▶ **Data block**
········

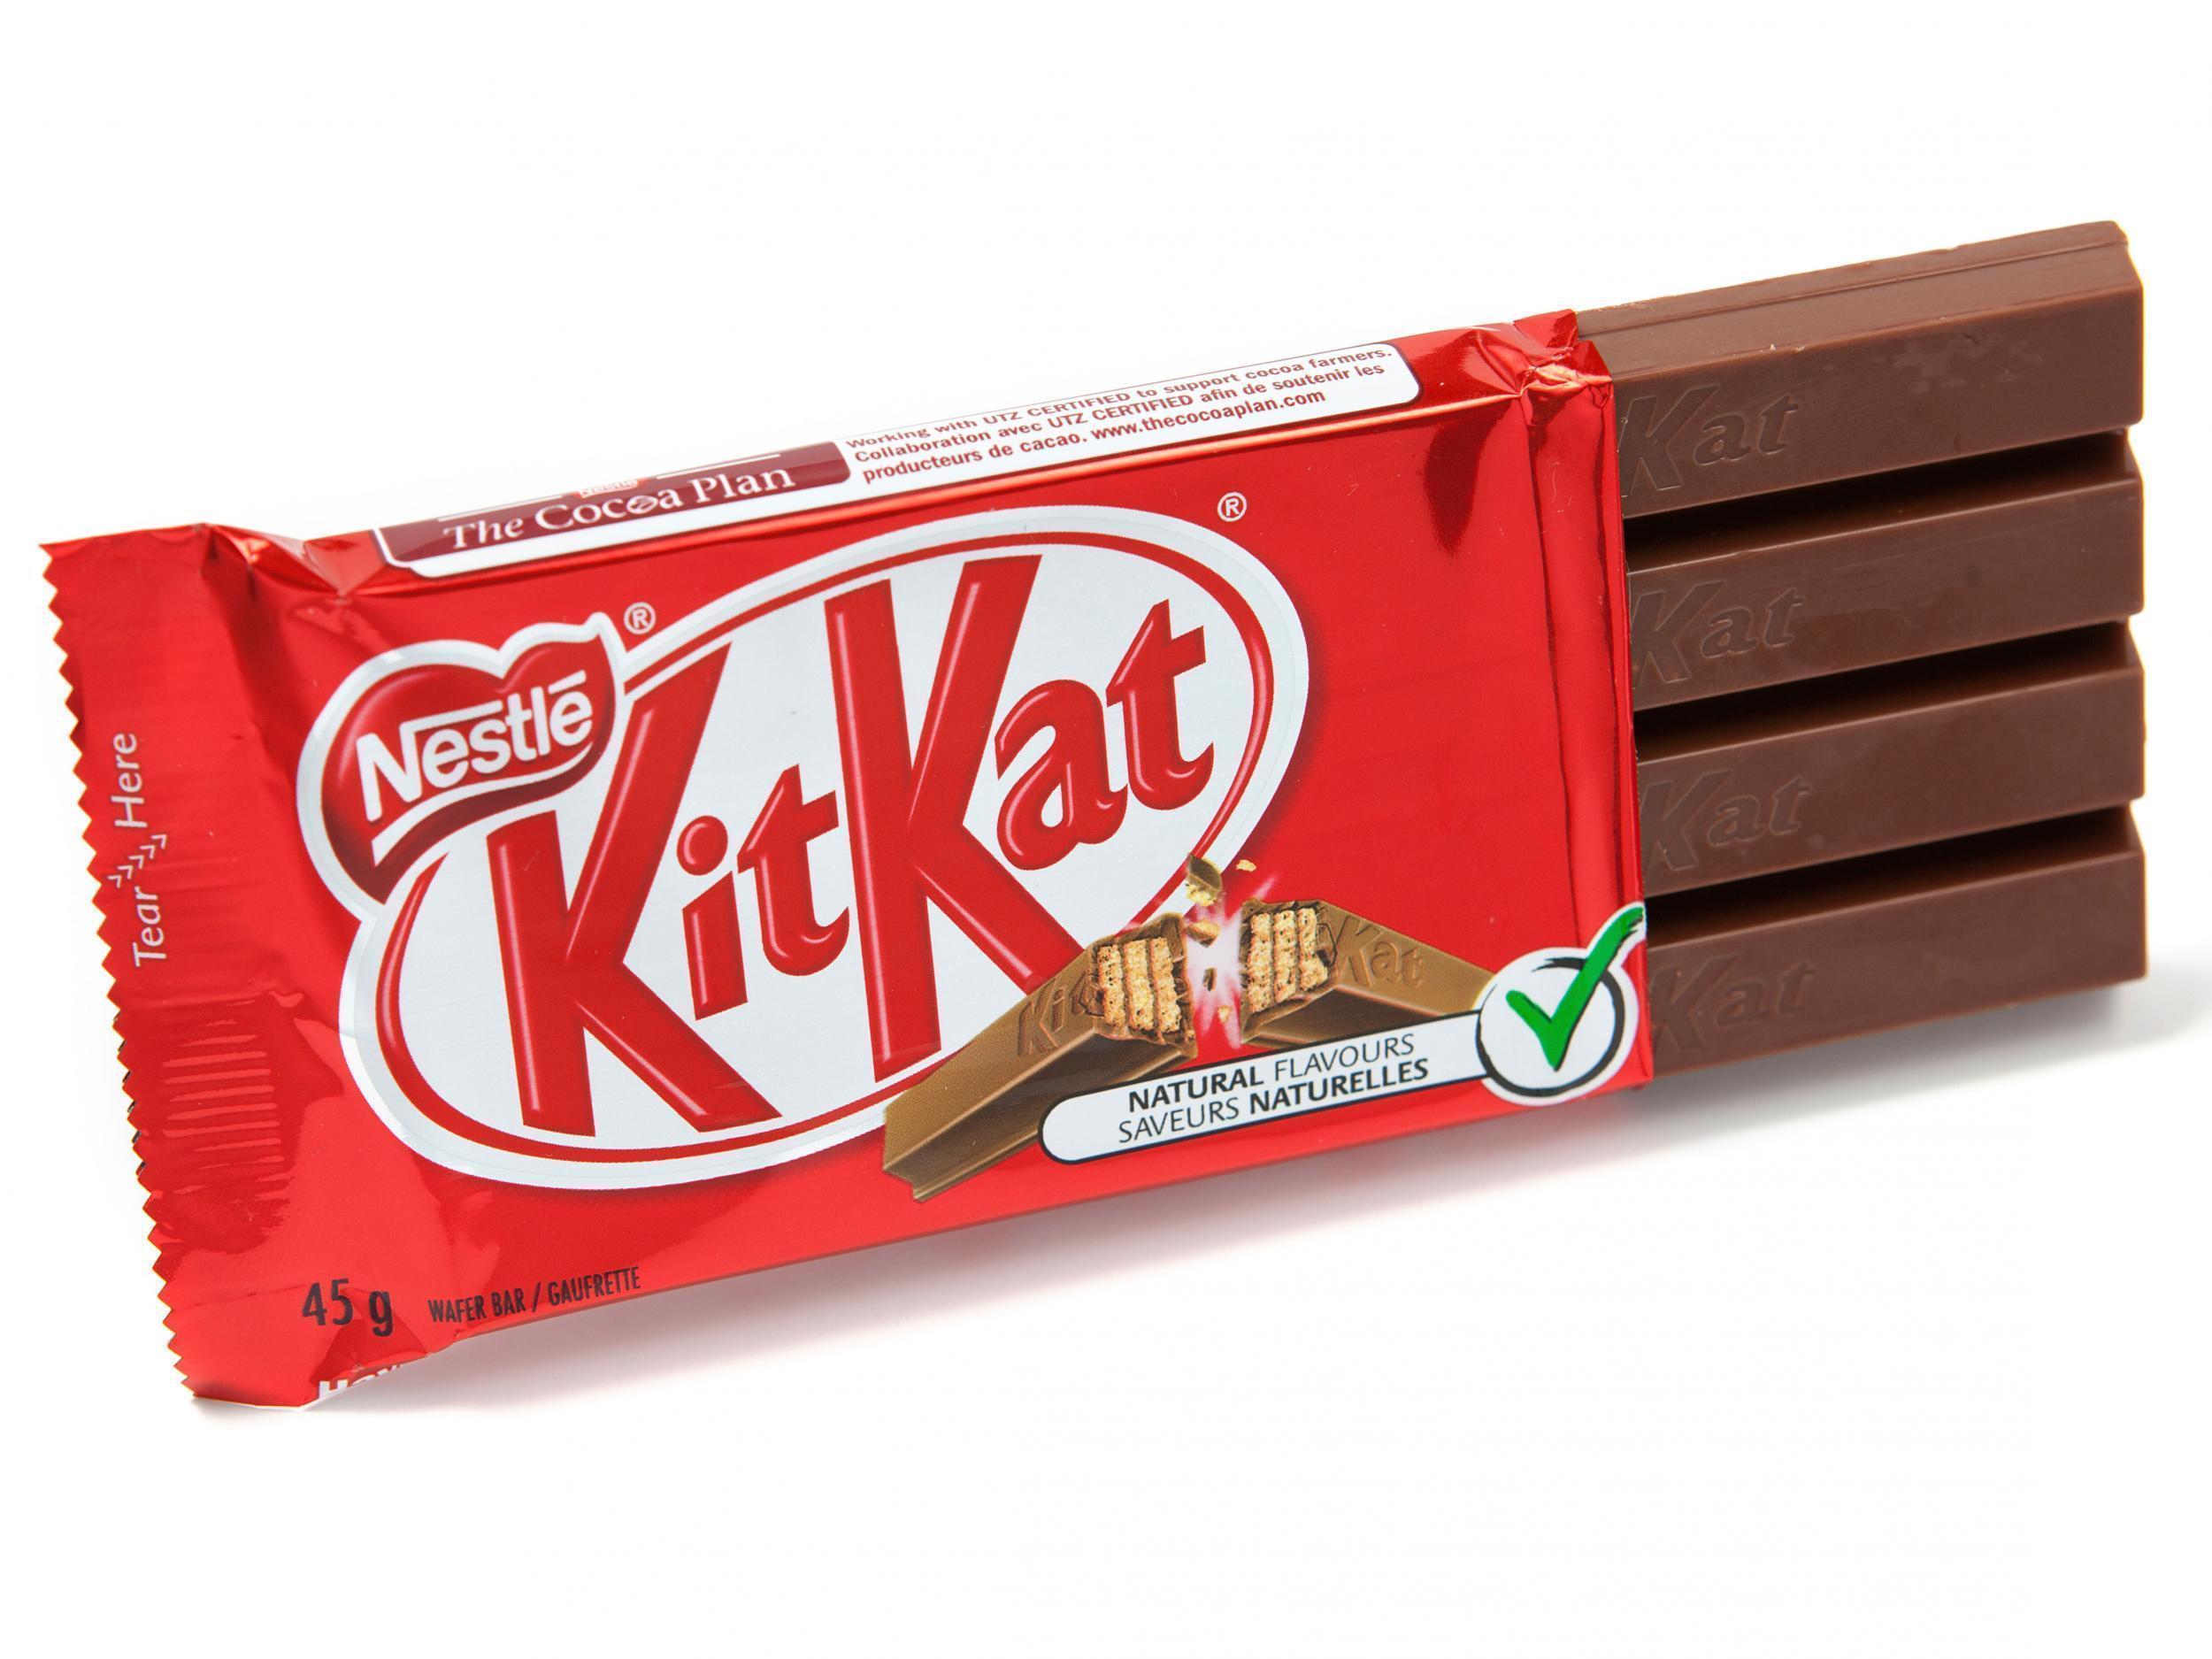 KitKat-Four-finger.jpg
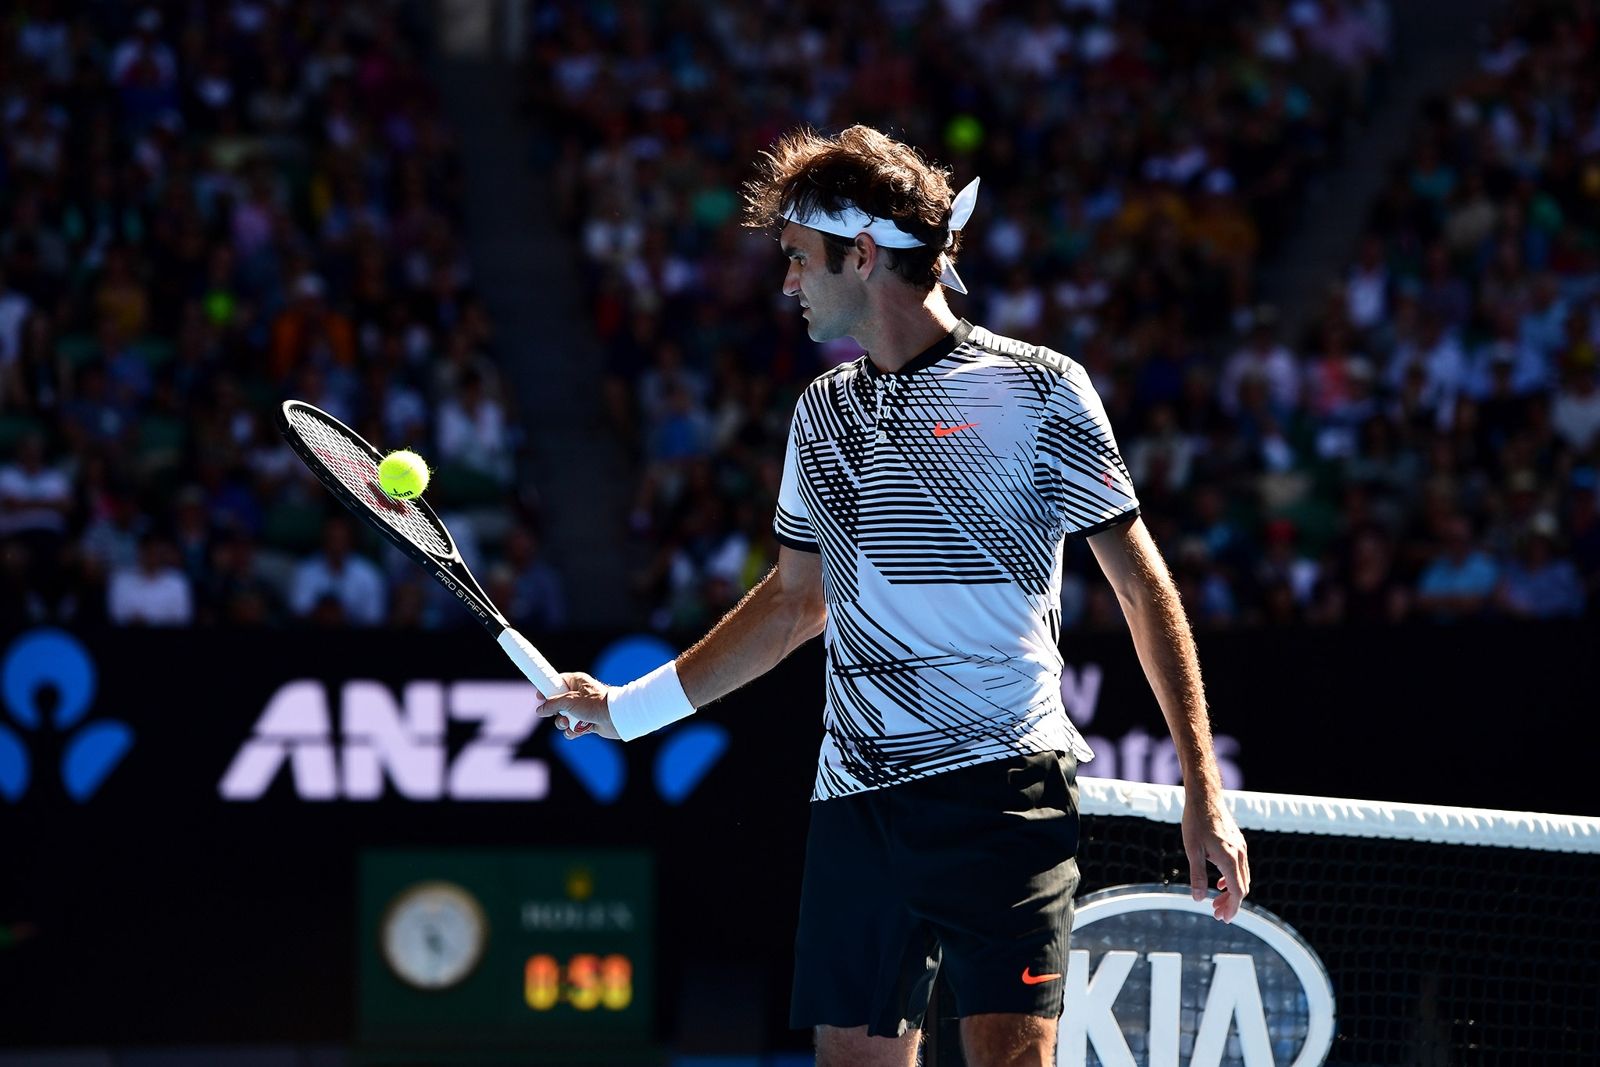 Australian Open Tennis / Roger Federer v Noah Rubin highlights on AO Radio
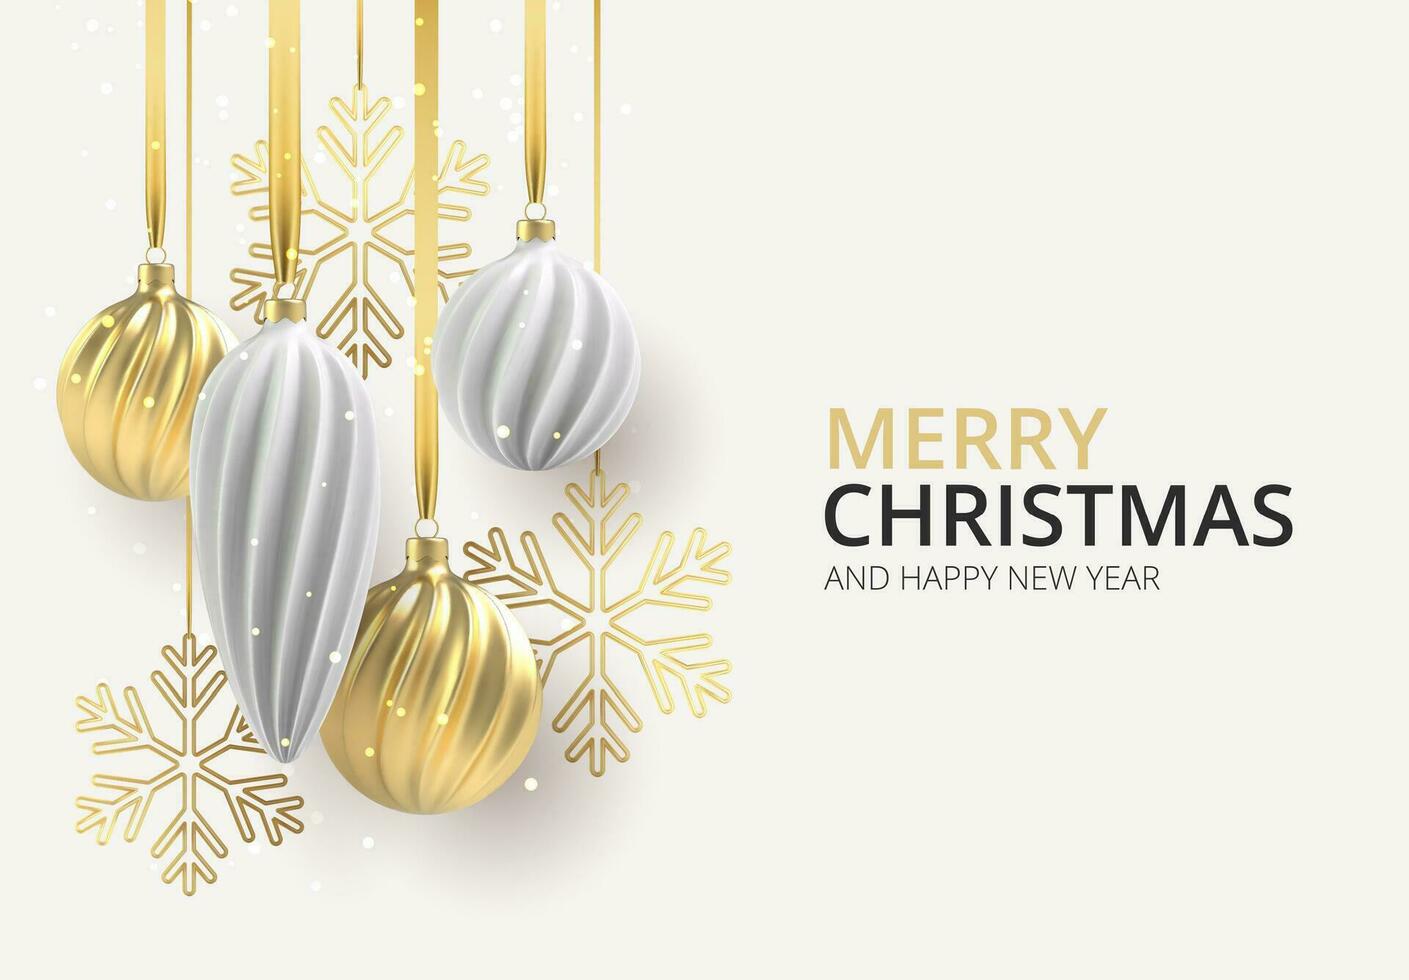 Natal fundo com Natal árvore brinquedos do branco e ouro, uma espiral bolas e flocos de neve em branco horizontal fundo, com a inscrição Natal. vetor ilustração.

········

▶ **What is required**
Repeat the material above word for word; no images go in the copy.

▶ **Answer section**
 KitKat-Four-finger.jpg
 Australian Open Tennis / Roger Federer v Noah Rubin highlights on AO Radio
 Natal fundo com Natal árvore brinquedos do branco e ouro, uma espiral bolas e flocos de neve em branco horizontal fundo, com a inscrição Natal. vetor ilustração.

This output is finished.